There are also the crunchy toppings, which are essential: the traditional pico de gallo (mild), salsa
verde (fairly spicy), whole jalapeno peppers (do not try this at home-although to a Mexican, it's kind of
like a New Yorker putting a pickle spear on a hot dog, no big deal!), and the radish slices, which really
freshen up everything. Squeeze on a little lime, and you're set.

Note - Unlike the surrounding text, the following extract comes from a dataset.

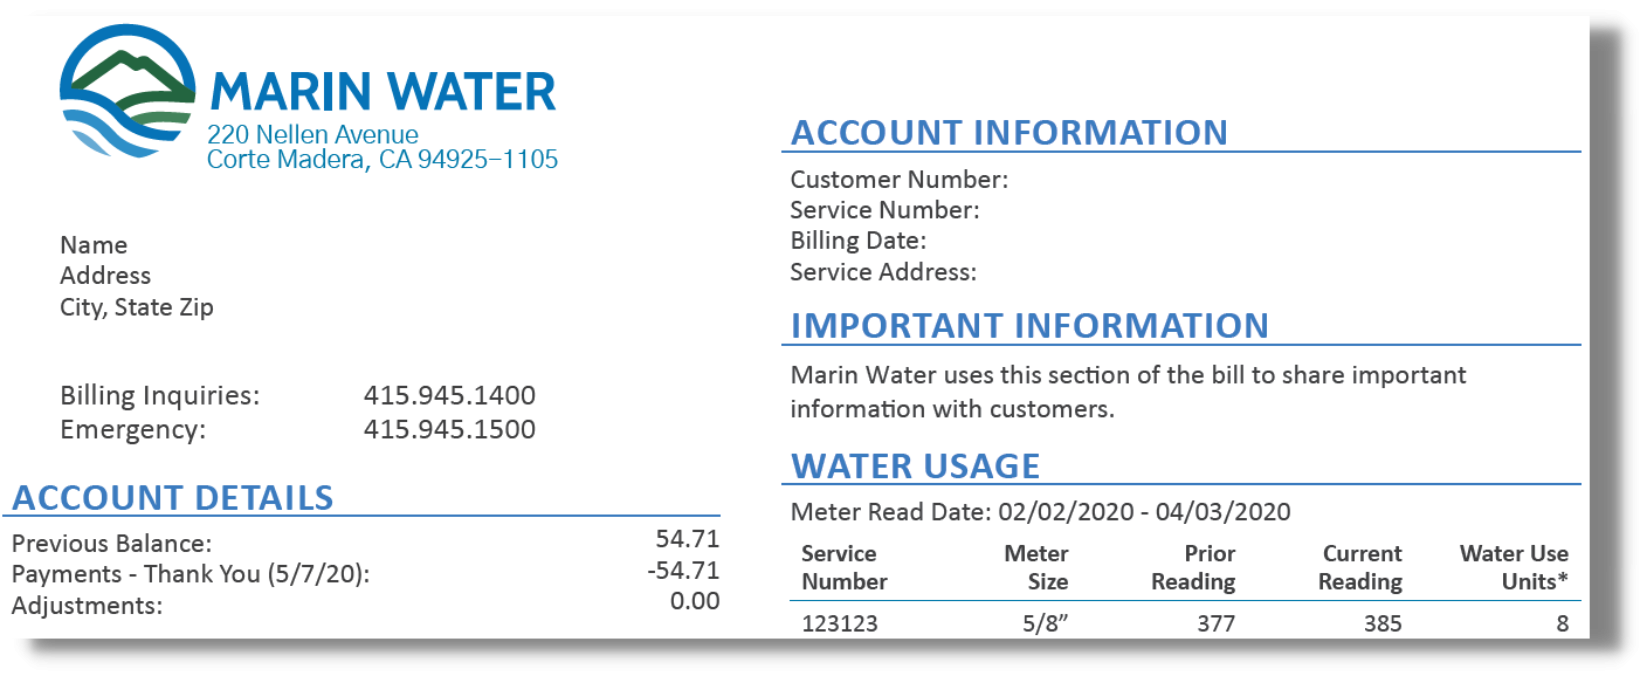 Image shows a screen capture of a sample water bill for Marin Water.

They also sell a chicken quesadilla, which comes with pico de gallo, sour cream, and guacamole (if
they don't run out). It's very light and perfectly grilled. In fact, after eating these tacos, I realized that I
wasn't overly full; they're light and easy, just the right size, and not at all greasy, which is what usually
fills you up. After getting your tacos, and dressing them, you pay Enriqueta, the nice lady in the truck,
where you can also get your Jarritos (Mexican Sodas). I like the Tamarindo-it's not too sweet, and just
a little bit tart.

It has been exciting having Orale as my own private Taco Truck for the past few months, but it's unfair
of me to keep it to myself. After all, someone was gracious enough to reveal it to me (thank you DJ
Carlos), and it's too good to keep secret anymore. After all, the Oaxacans have a festival coming up in
July called Lunes de Cerro (Monday on the Hill), where, to symbolize their love of, and commitment to
sharing, gifts are tossed to the crowd during the festival's many dances. I happily share this gift with
you.

ORALE
28th St SW just east of 37th Ave in Coral Gables!
Saturdays-8:30 AM- 7 PM
Sundays-11:30 AM-7 PM
Tacos-$2.50
Quesadilla-$3.50/4.00
Jarritos-$1.25
NB-If you can tear yourself away from the truck, there are usually two other vendors down the street-
Two nice Nicaraguan ladies who sell homemade Yucca con Chicharron and corn husk wrapped
Tamales, smooth and corn-y, and a sweet Peruvian couple who serve amazing Peruvian empanadas
(they're bigger and the dough is more dense) and big fat 'Cuban' Tamales, corn meal, rice, and chicken
wrapped in a banana leaf. Take it to go.